§ **EXERCISE DESCRIPTION**
Leave out the pictures and repeat everything else in the records exactly.

§ **GIVEN RECORDS**

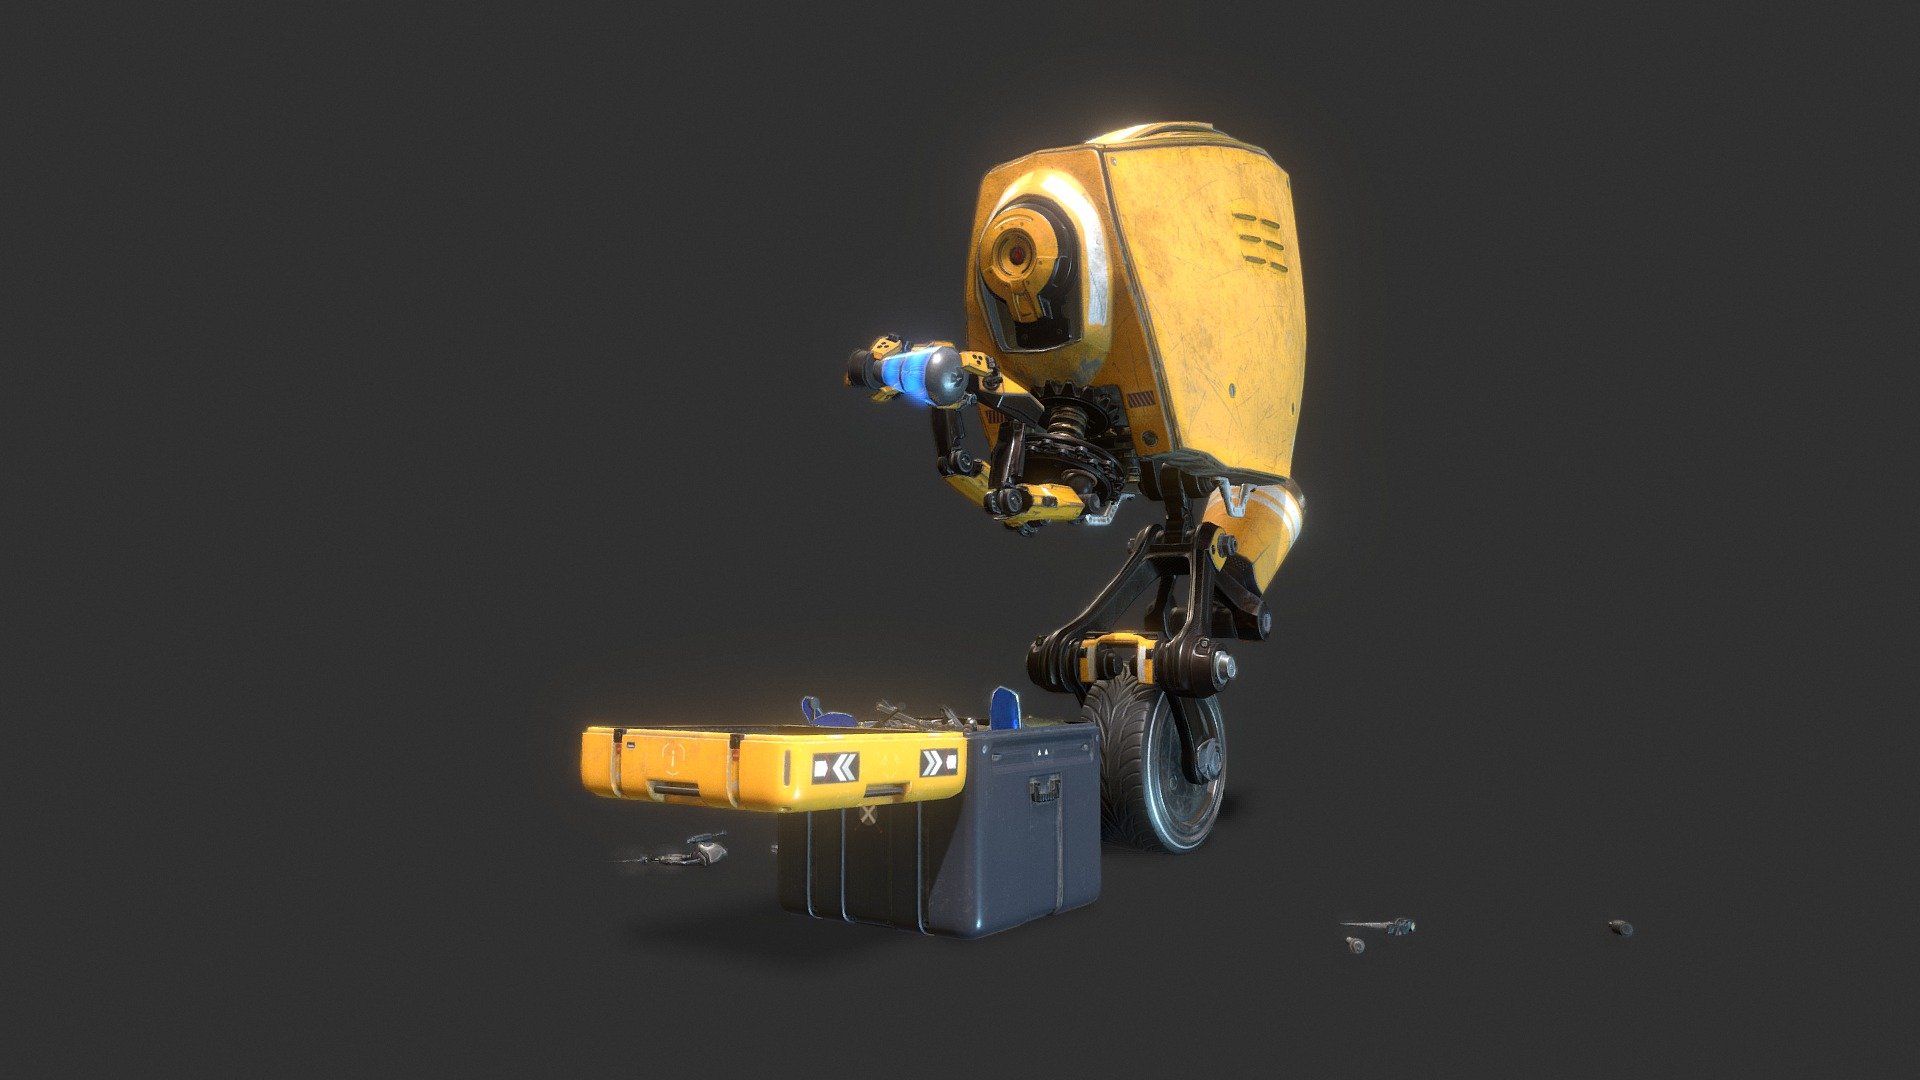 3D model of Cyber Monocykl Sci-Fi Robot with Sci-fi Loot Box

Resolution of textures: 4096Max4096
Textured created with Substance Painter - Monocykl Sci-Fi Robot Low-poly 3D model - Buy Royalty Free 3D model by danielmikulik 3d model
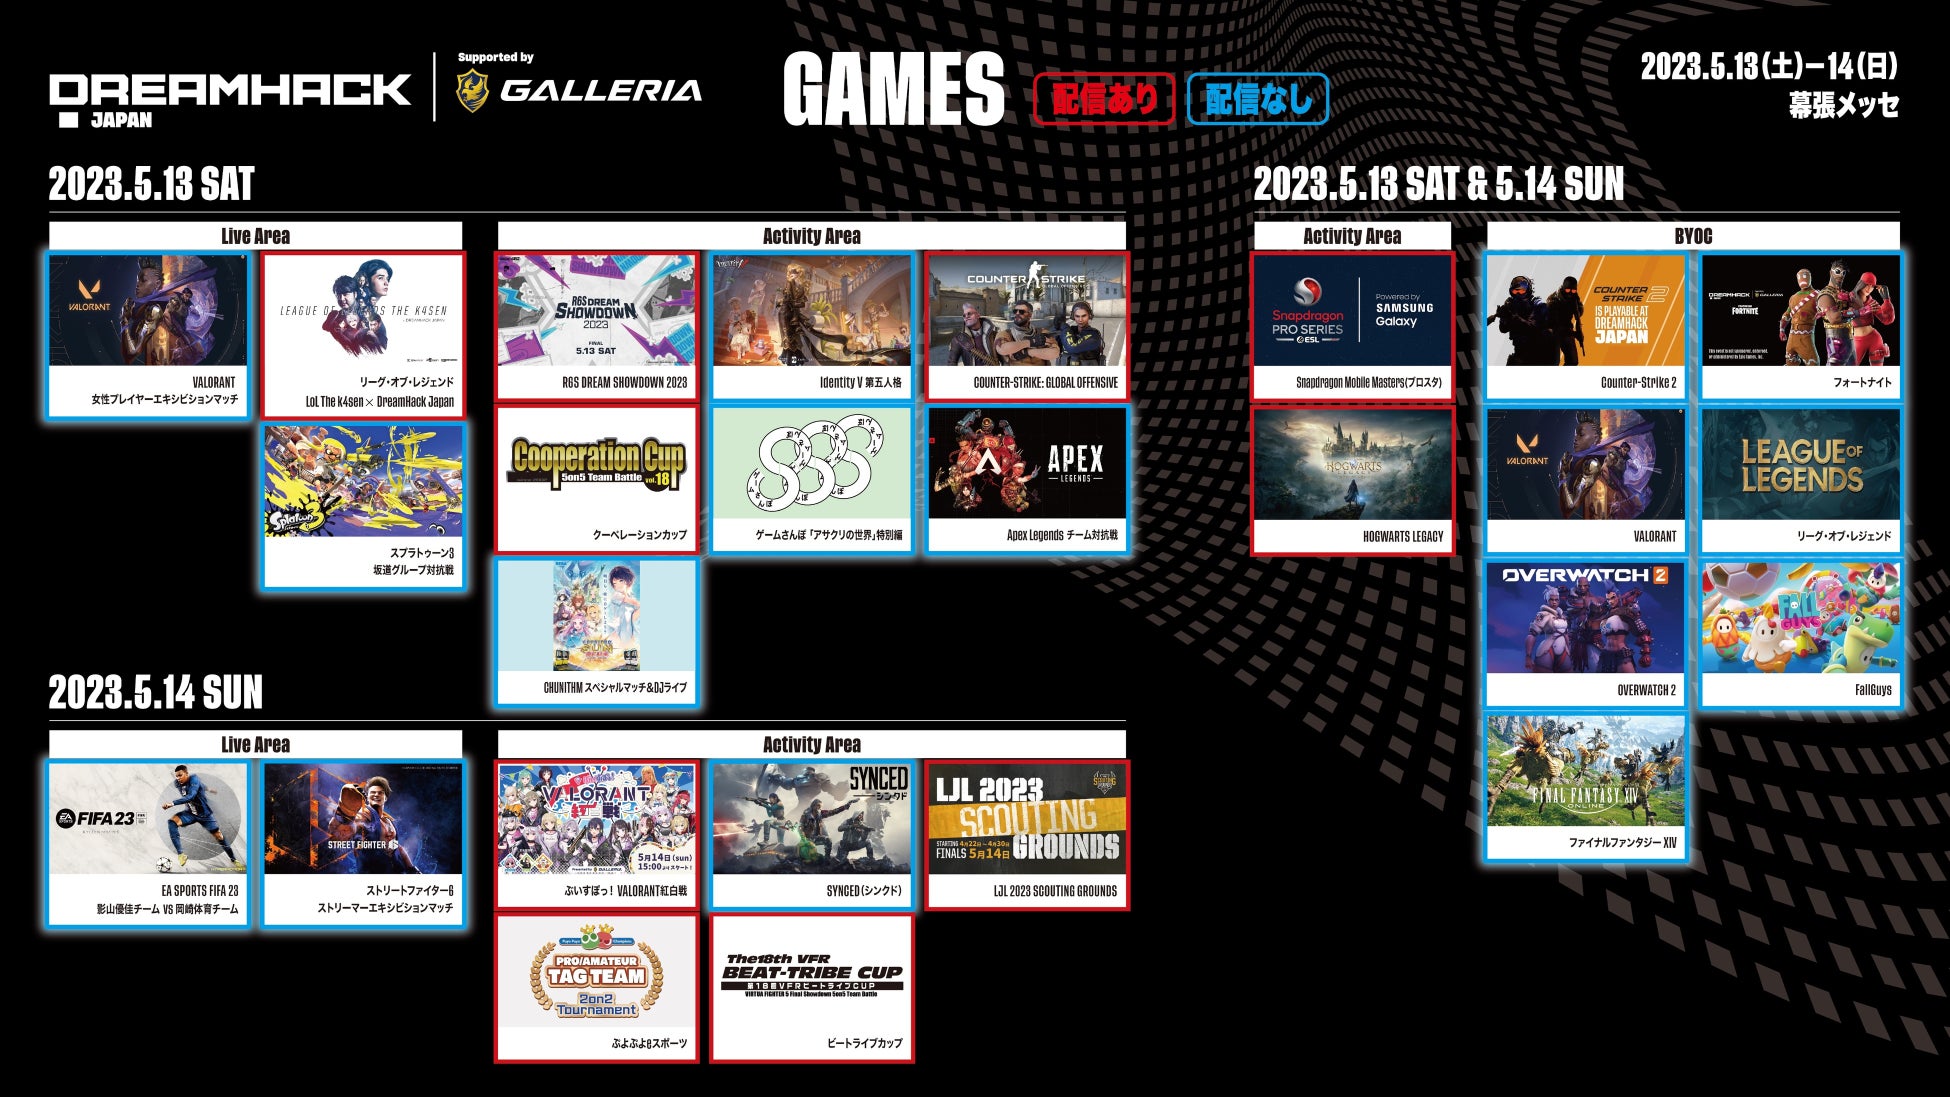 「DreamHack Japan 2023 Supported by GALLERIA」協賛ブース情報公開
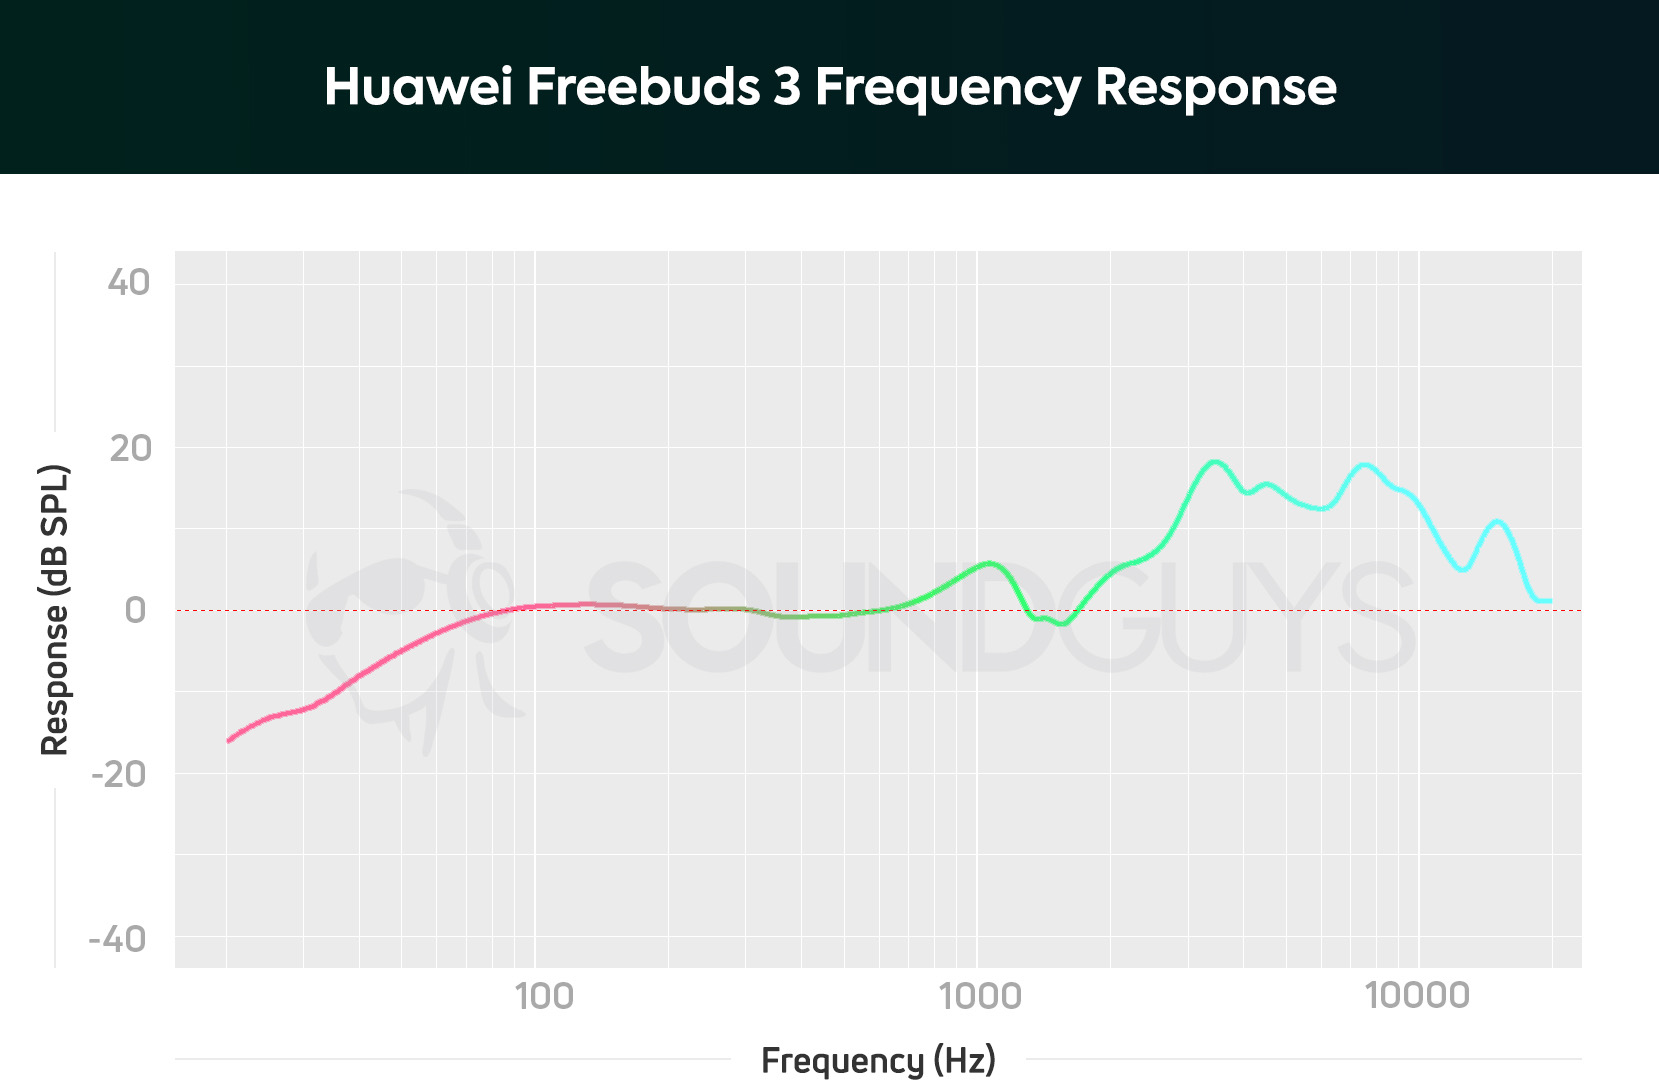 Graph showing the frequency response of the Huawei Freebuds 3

§ **REPLY**
 3D model of Cyber Monocykl Sci-Fi Robot with Sci-fi Loot Box

Resolution of textures: 4096Max4096
Textured created with Substance Painter - Monocykl Sci-Fi Robot Low-poly 3D model - Buy Royalty Free 3D model by danielmikulik 3d model
 「DreamHack Japan 2023 Supported by GALLERIA」協賛ブース情報公開
 Graph showing the frequency response of the Huawei Freebuds 3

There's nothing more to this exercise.